I also spent a bit of further time on the SCOSYA project. I’d asked the university’s research data management people whether they had any advice on how we could share our audio recording data with other researchers around the world. The dataset we have is about 117GB, and originally we’d planned to use the University’s file transfer system to share the files. However, this can only handle files that are up to 20Gb in size, which meant splitting things up. And it turned out to take an awfully long time to upload the files, a process we would have to do each time the data was requested. The RDM people suggested we use the University’s OneDrive system instead. This is part of Office365 and gives each member of staff 1TB of space, and it’s possible to share uploaded files with others. I tried this out and the upload process was very swift. It was also possible to share the files with users based on their email addresses, and to set expiration dates and password for file access. It looks like this new method is going to be much better for the project and for any researchers who want to access our data. We also set up a record about the dataset in the Enlighten Research Data repository: http://researchdata.gla.ac.uk/951/ which should help people find the data.

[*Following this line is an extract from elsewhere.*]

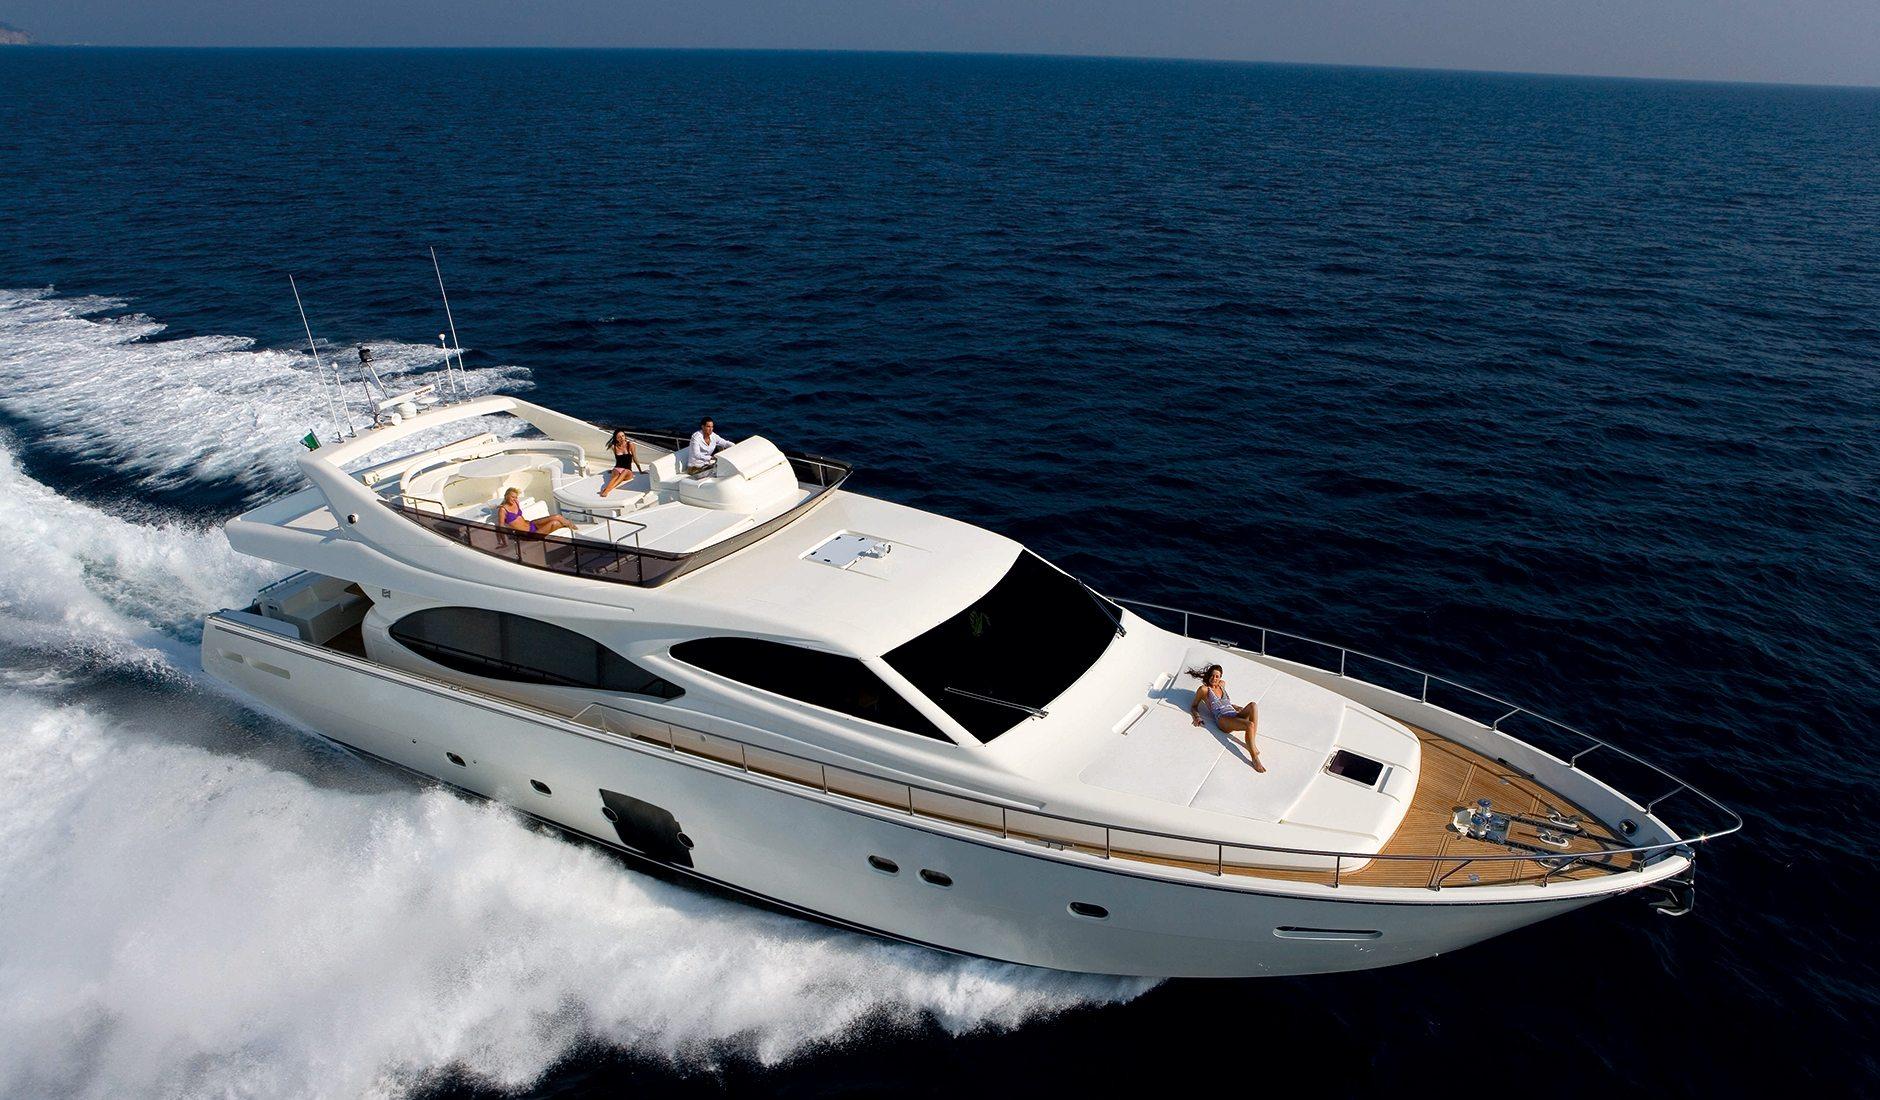 Аренда яхты FERRETTI YACHTS 780 refit 2015 год

Also for SCOSYA we ran into some difficulties with Google’s reCAPTCHA service, which we were using to protect the contact forms on our site from spam submissions. There was an issue with version 3 of Google’s reCAPTCHA system when integrated with the contact form plugin. It works fine if Google thinks you’re not a spammer but if you somehow fail its checks it doesn’t give you the option of proving you’re a real person, it just blocks the submission of the form. I haven’t been able to find a solution for this using v3, but thankfully there is a plugin that allows the contact form plugin to revert back to using reCAPTCHA v2 (the ‘I am not a robot’ tickbox). I got this working and have applied it to both the contact form and the spoken corpus form and it works for me as someone Google somehow seems to trust and for me when using IE via remote desktop, where Google makes me select features in images before the form submits.

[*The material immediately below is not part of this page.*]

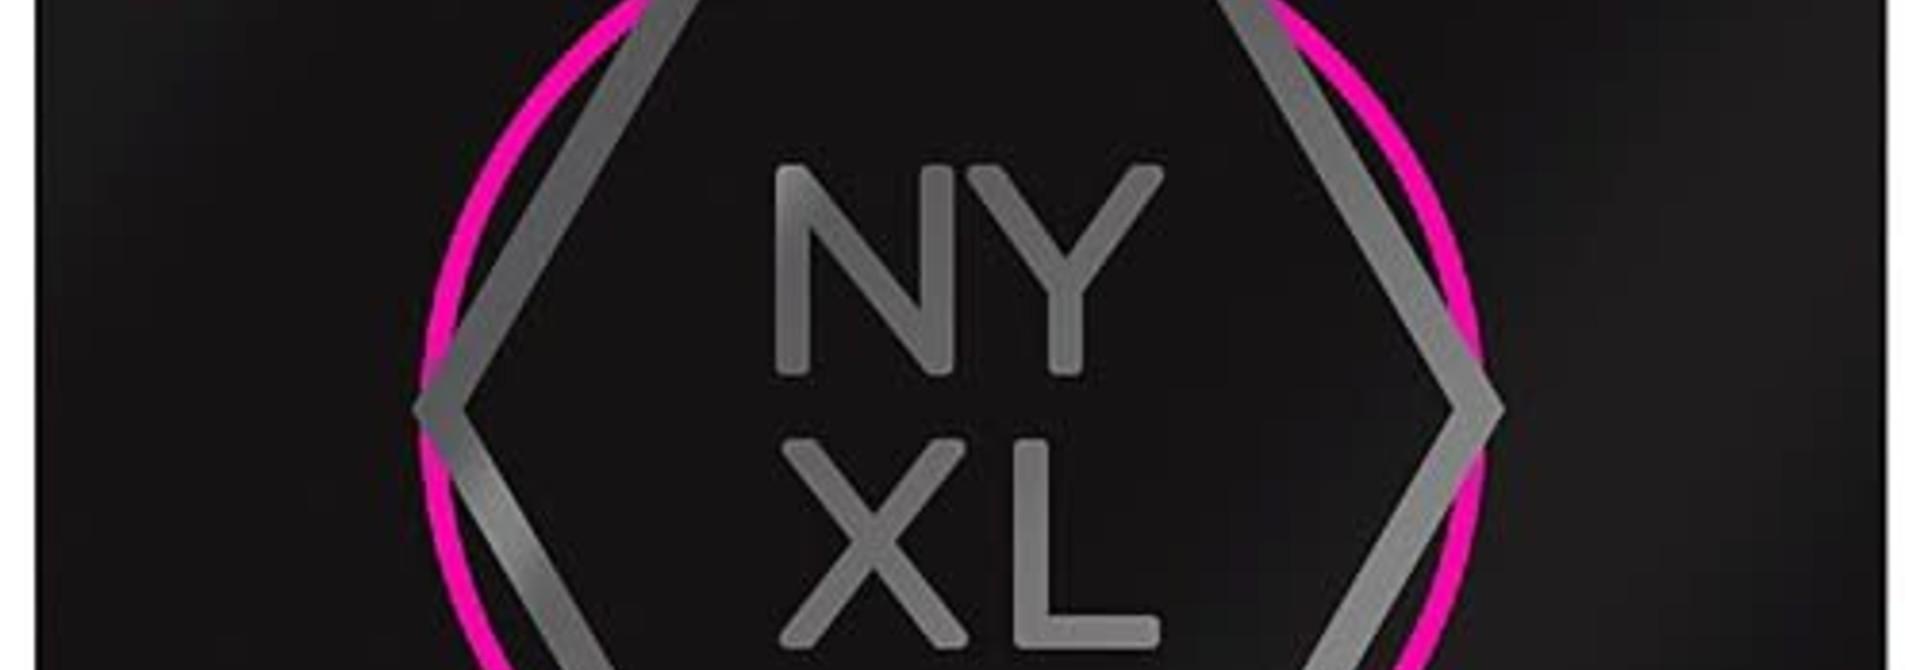 NYXL0942 Nickel Wound, Super Light, 09-42

Also this week I met with Marc and Fraser to discuss further developments for the Historical Thesaurus. We’re going to look at implementing the new way of storing and managing dates that I originally mapped out last summer and so we met on Friday to discuss some of the implications of this. I’m hoping to find some time next week to start looking into this.

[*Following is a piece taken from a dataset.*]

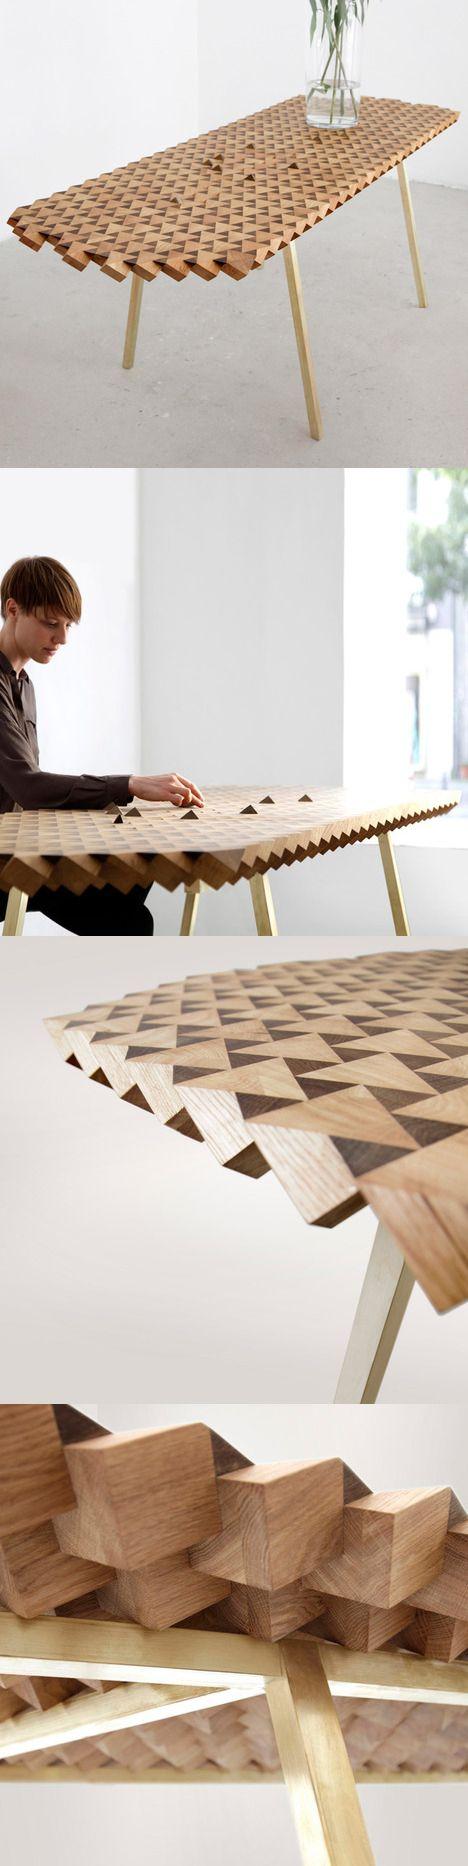 Atlas Table By Gunnar Ronsch Stephen Molloy Wood Furniture Design Furniture Design Furniture

We received the reviews for the Iona place-name project this week and I spent some time during the week and over the weekend going through the reviews, responding to any technical matters that were raised and helping Thomas Clancy with the overall response, that needed to be submitted the following Monday. I also spoke to Ronnie Young about the Burns Paper Database, that we may now be able to make publicly available, and made some updates to the NME digital ode site for Bryony Randall.